We're not going to penalize all bpf progs for that.
This patch is a non-starter.

> > Looks like Mathieu patch broke bpf program contract somewhere.
>
> My patch series introduced this in the probe:
>
> #define __BPF_DECLARE_TRACE_SYSCALL(call, proto, args)                  \
> static notrace void                                                     \
> __bpf_trace_##call(void *__data, proto)                                 \
> {                                                                       \
>          might_fault();                                                  \
>          preempt_disable_notrace();                                      \
>          CONCATENATE(bpf_trace_run, COUNT_ARGS(args))(__data, CAST_TO_U64(args));        \
>          preempt_enable_notrace();                                       \
> }
>
> To ensure we'd call the bpf program from preempt-off context.
>
> > The tracepoint type bpf programs must be called with rcu_read_lock held.
>
> Calling the bpf program with preempt off is equivalent. __DO_TRACE() calls
> the probes with preempt_disable_notrace() in the normal case.
>
> > Looks like it's not happening anymore.
>
> The issue here is not about the context in which the bpf program runs, that's
> still preempt off. The problem is about expectations that a call_rcu grace period
> is enough to delay reclaim after unregistration of the tracepoint. Now that
> __DO_TRACE() uses rcu_read_lock_trace() to protect RCU dereference, it's not
> sufficient anymore, at least for syscall tracepoints.

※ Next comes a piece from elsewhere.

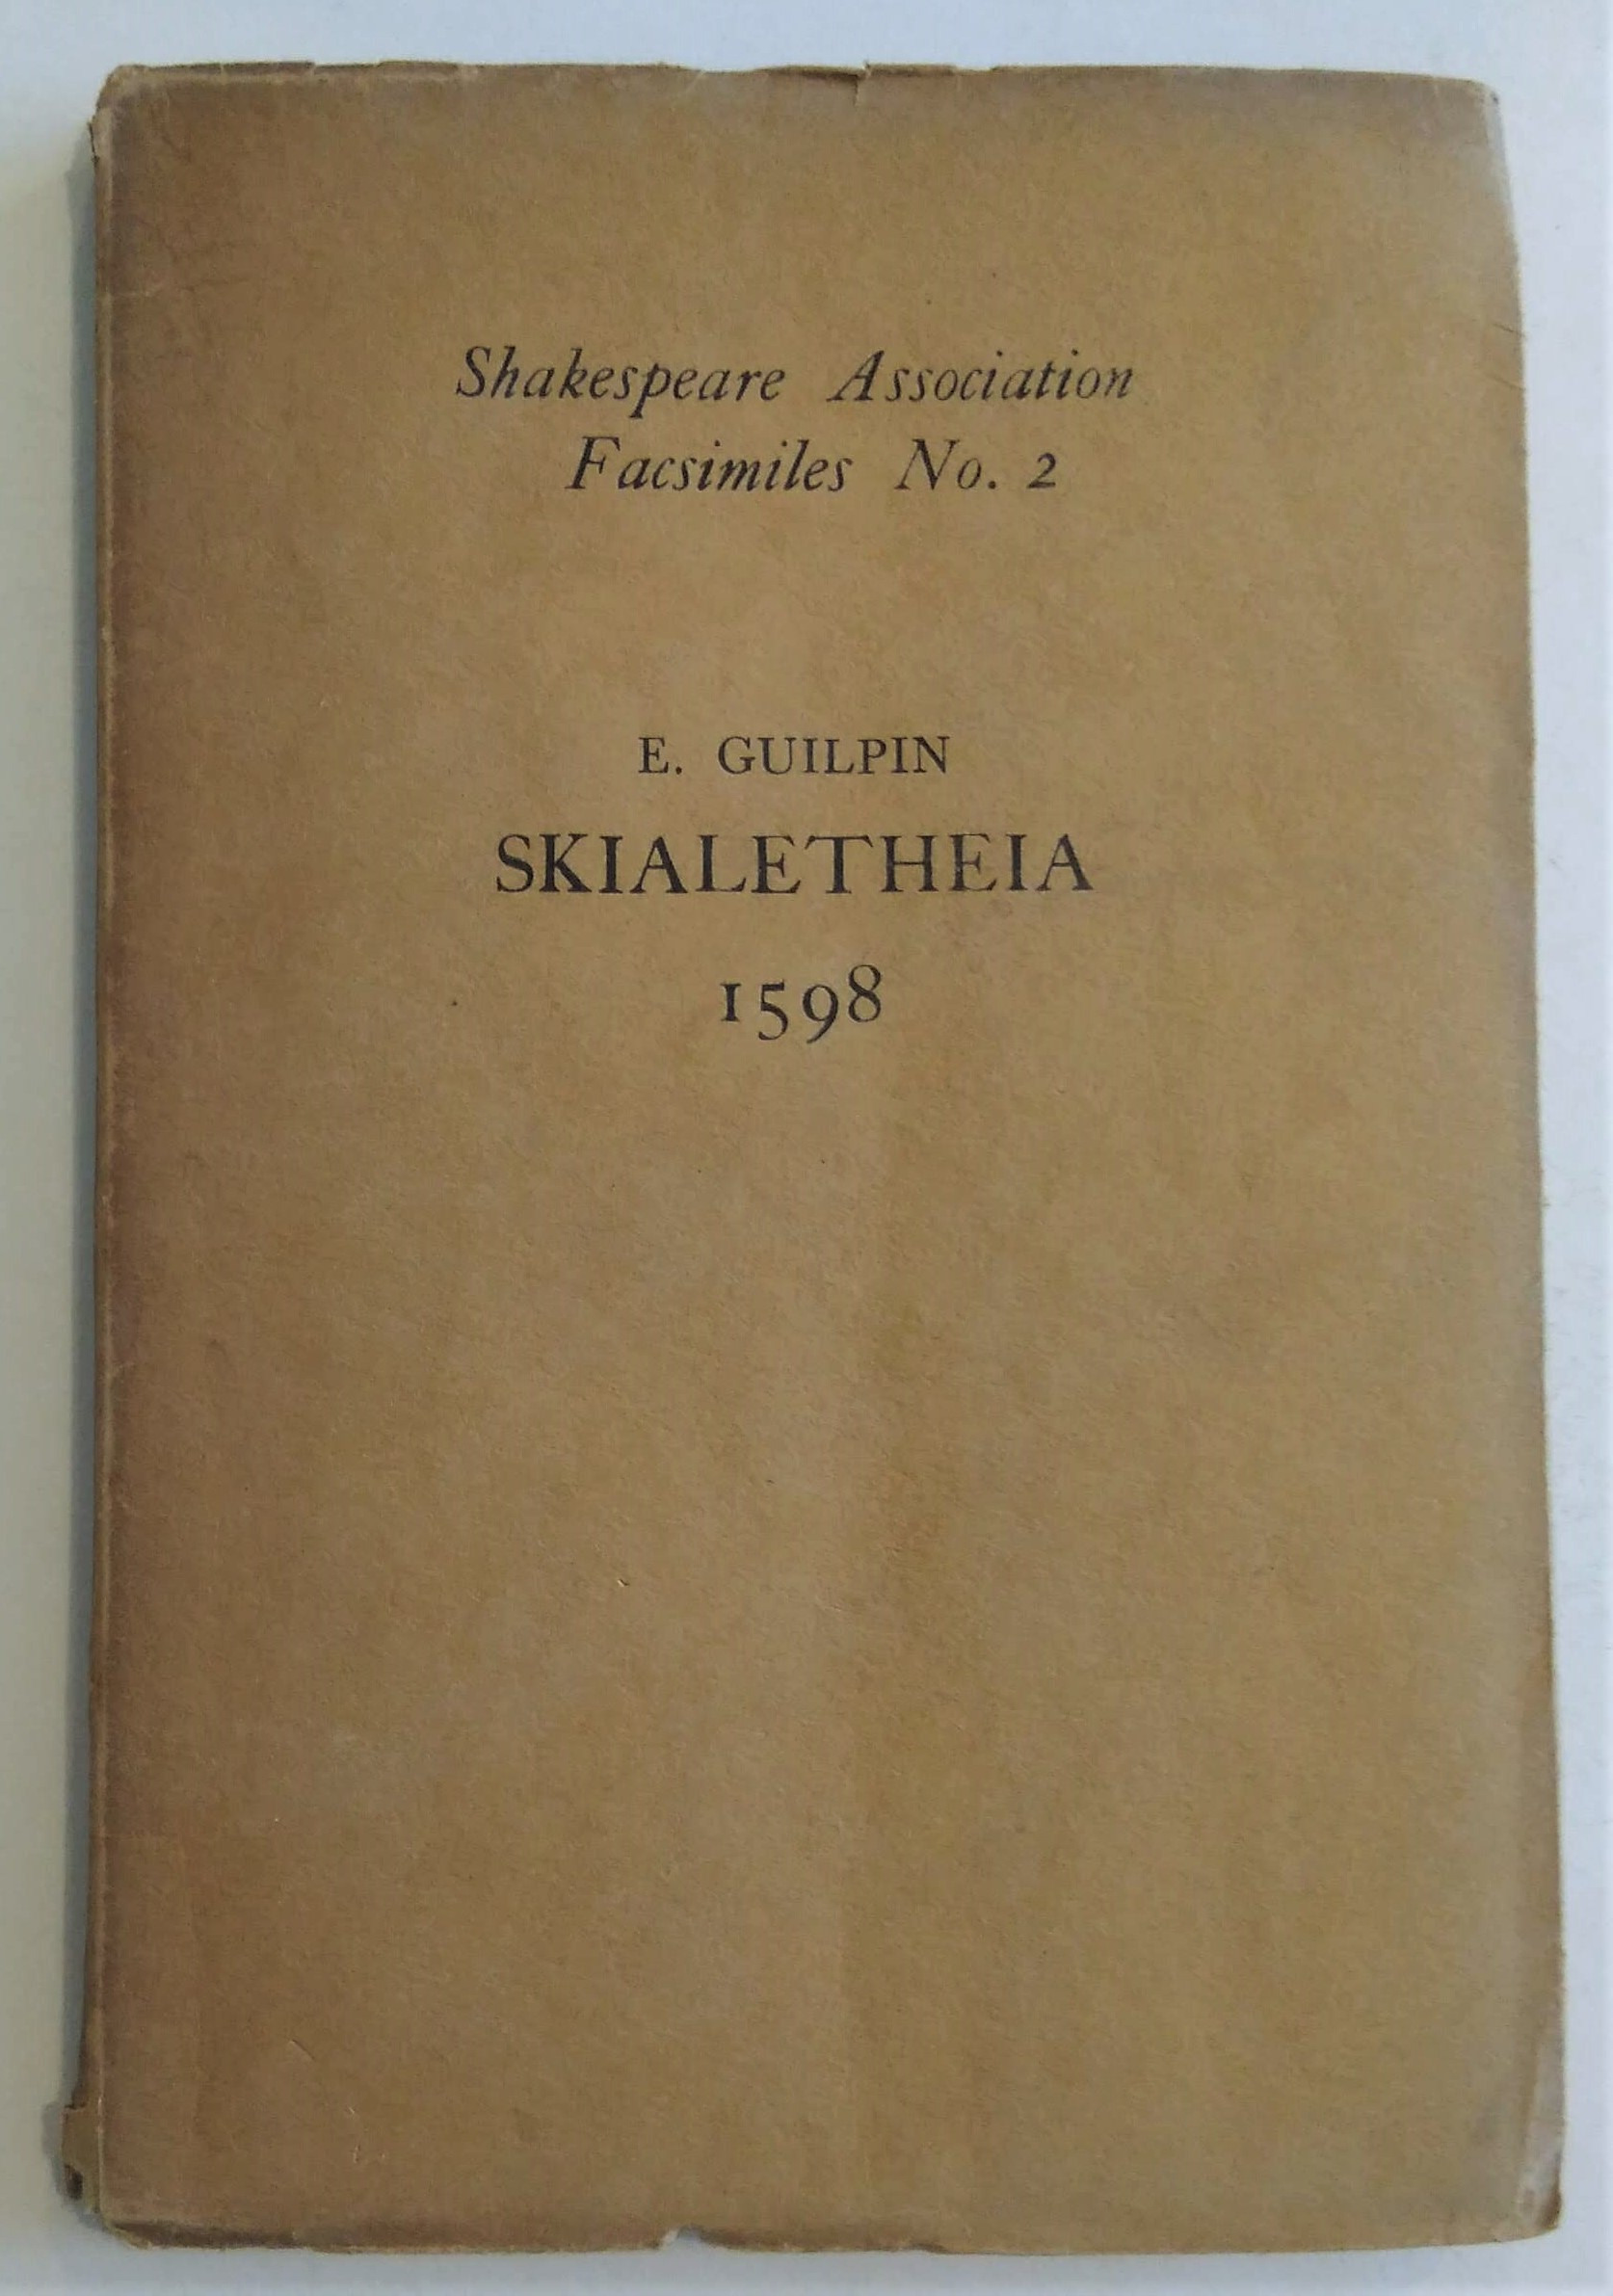 Skialetheia 1598.

I don't see how preempt_disable vs preempt_disable_notrace and
preemption in general are relevant here.

The prog dereference needs to happen under rcu_read_lock.

But since you've switched to use rcu_read_lock_trace,
so then this part:
> >> bpf_link_free()
> >>    ops->release()
> >>       bpf_raw_tp_link_release()
> >>         bpf_probe_unregister()
> >>           tracepoint_probe_unregister()
> >>             tracepoint_remove_func()
> >>               release_probes()
> >>                 call_rcu()               [1]

is probably incorrect. It should be call_rcu_tasks_trace ?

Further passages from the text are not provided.